--- Material for the task Enclosed Below ---
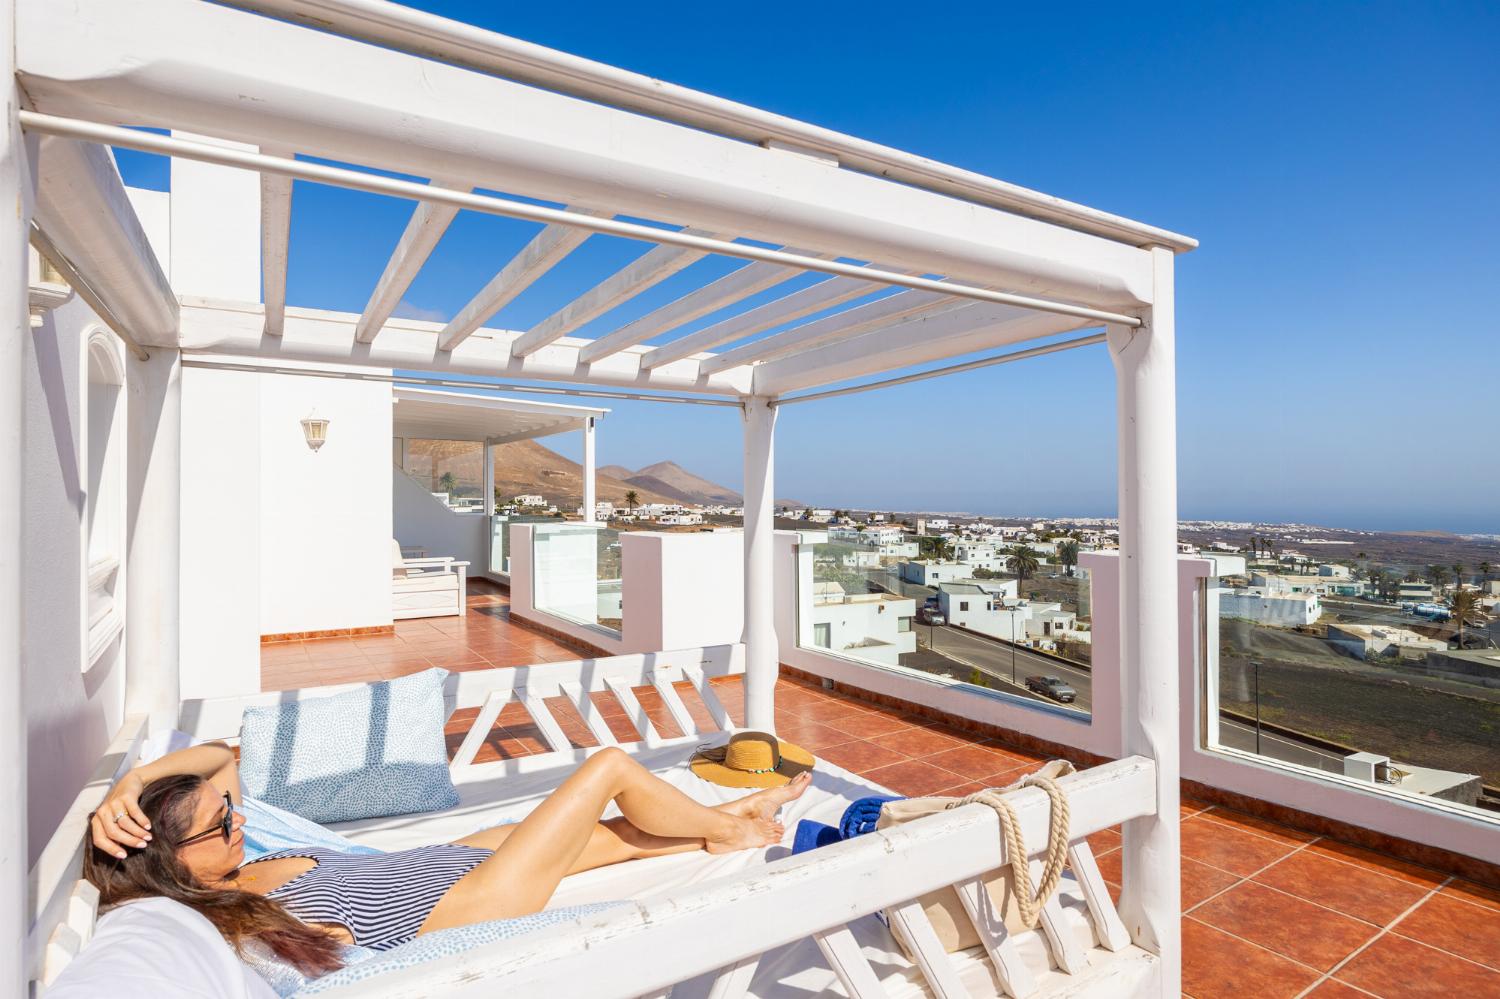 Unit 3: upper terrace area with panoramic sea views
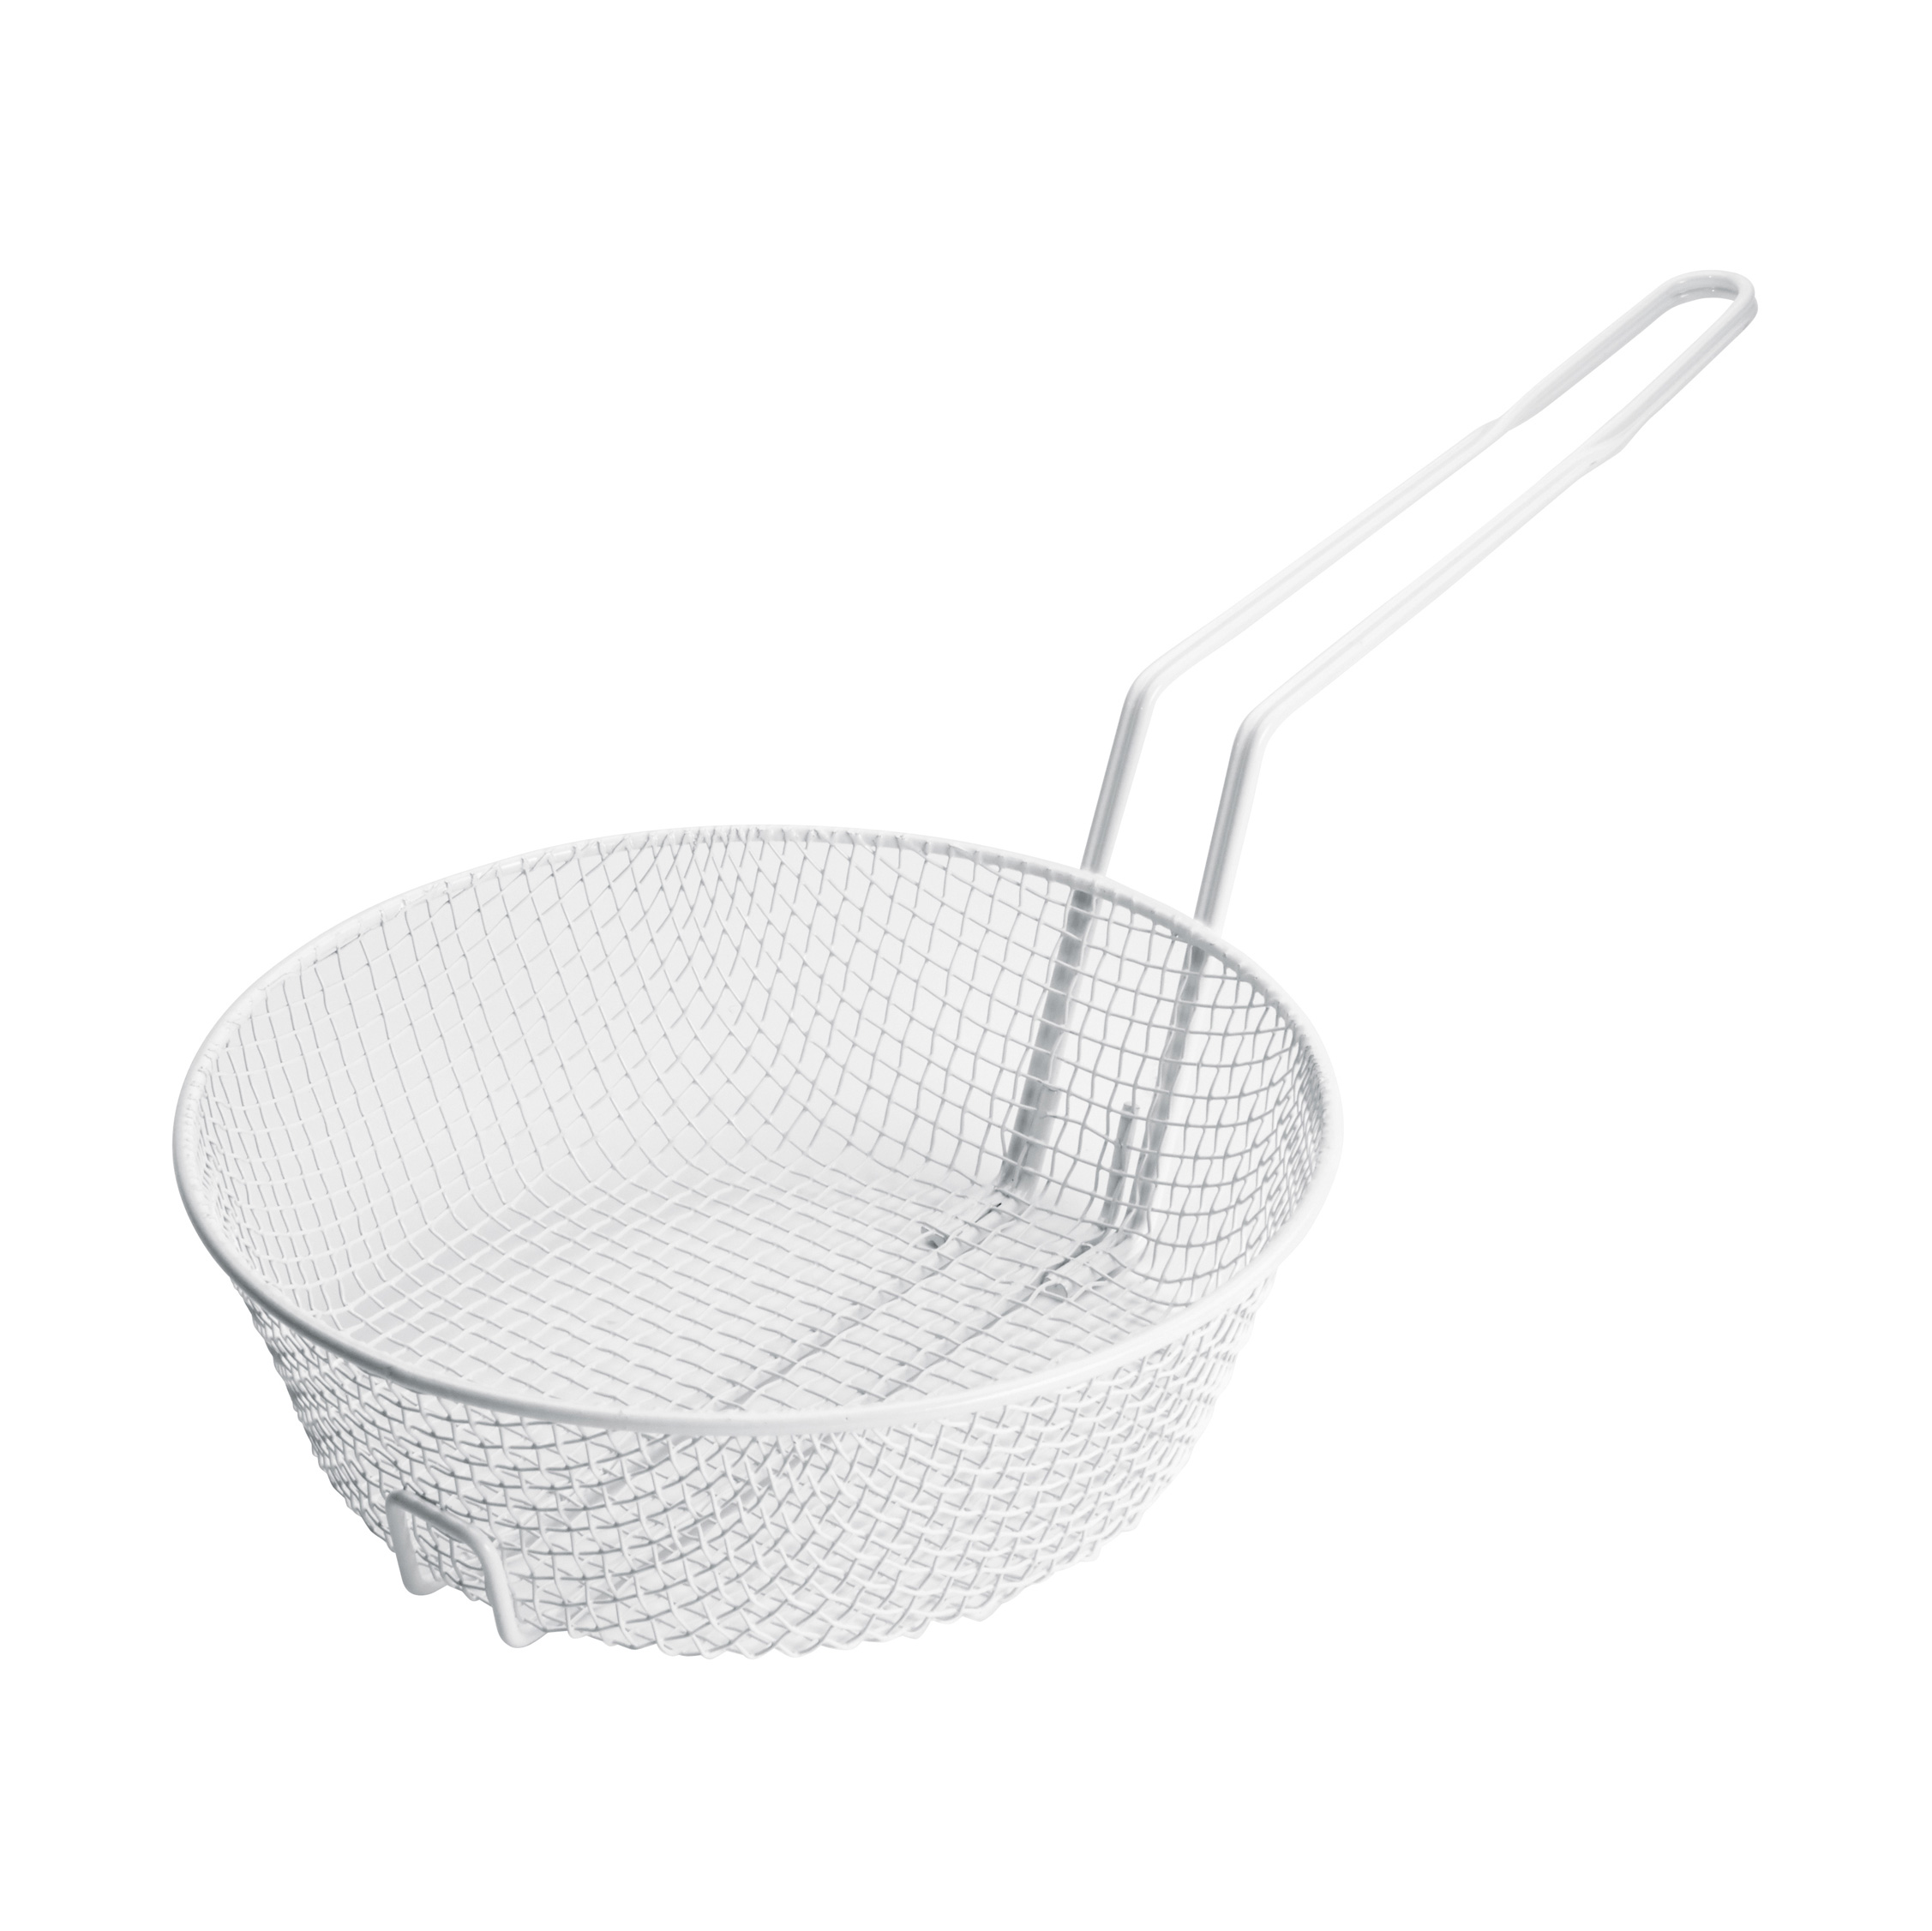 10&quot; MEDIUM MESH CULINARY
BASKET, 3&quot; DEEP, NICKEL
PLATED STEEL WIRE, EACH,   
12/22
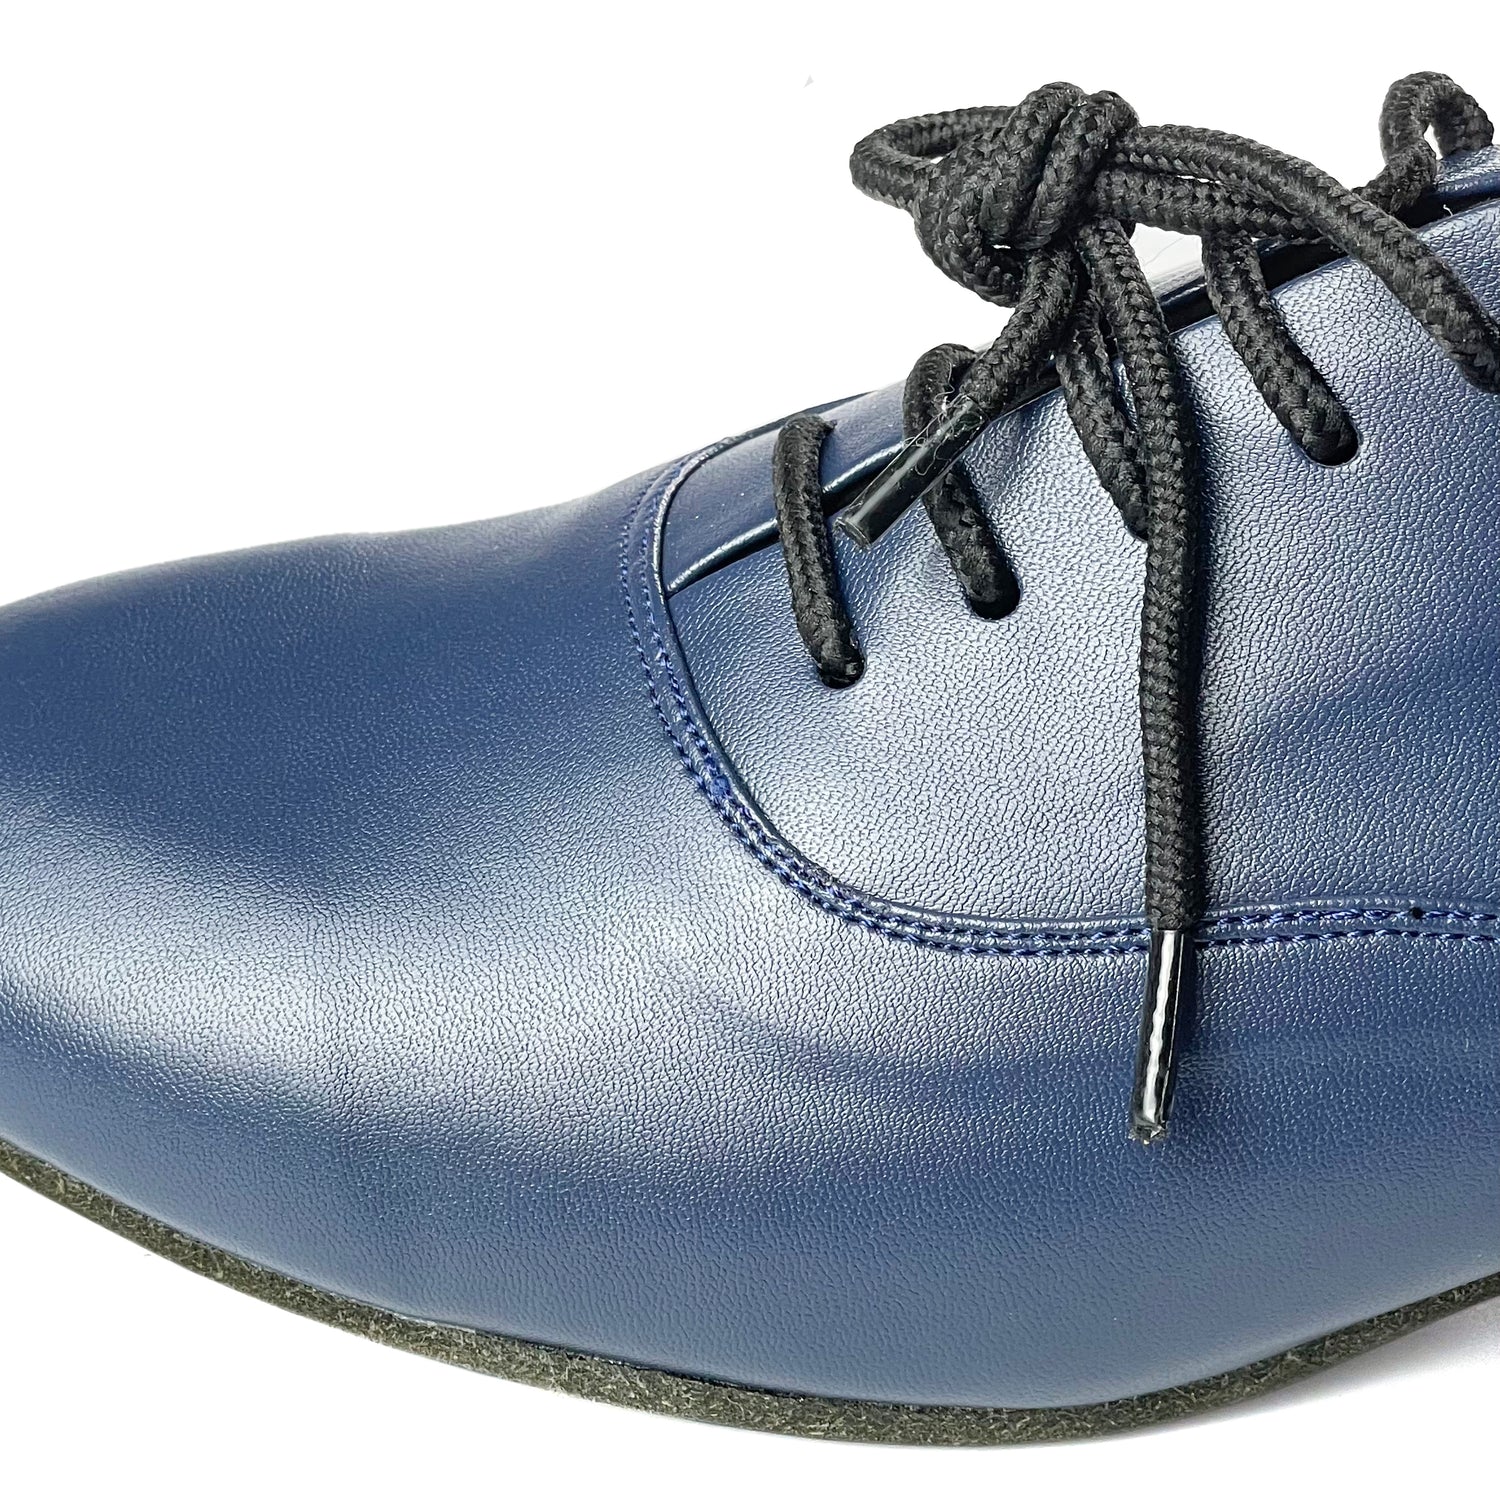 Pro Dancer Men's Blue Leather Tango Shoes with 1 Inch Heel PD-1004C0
--- End of Enclosed Material for the task ---
» Try it: Where the line with "BASKET, 3&quot; DEEP, NICKEL" appears in the entries above, begin there and restate every line to the end word for word, minus the pictures.

» Solution:
BASKET, 3&quot; DEEP, NICKEL
PLATED STEEL WIRE, EACH,   
12/22
 Pro Dancer Men's Blue Leather Tango Shoes with 1 Inch Heel PD-1004C0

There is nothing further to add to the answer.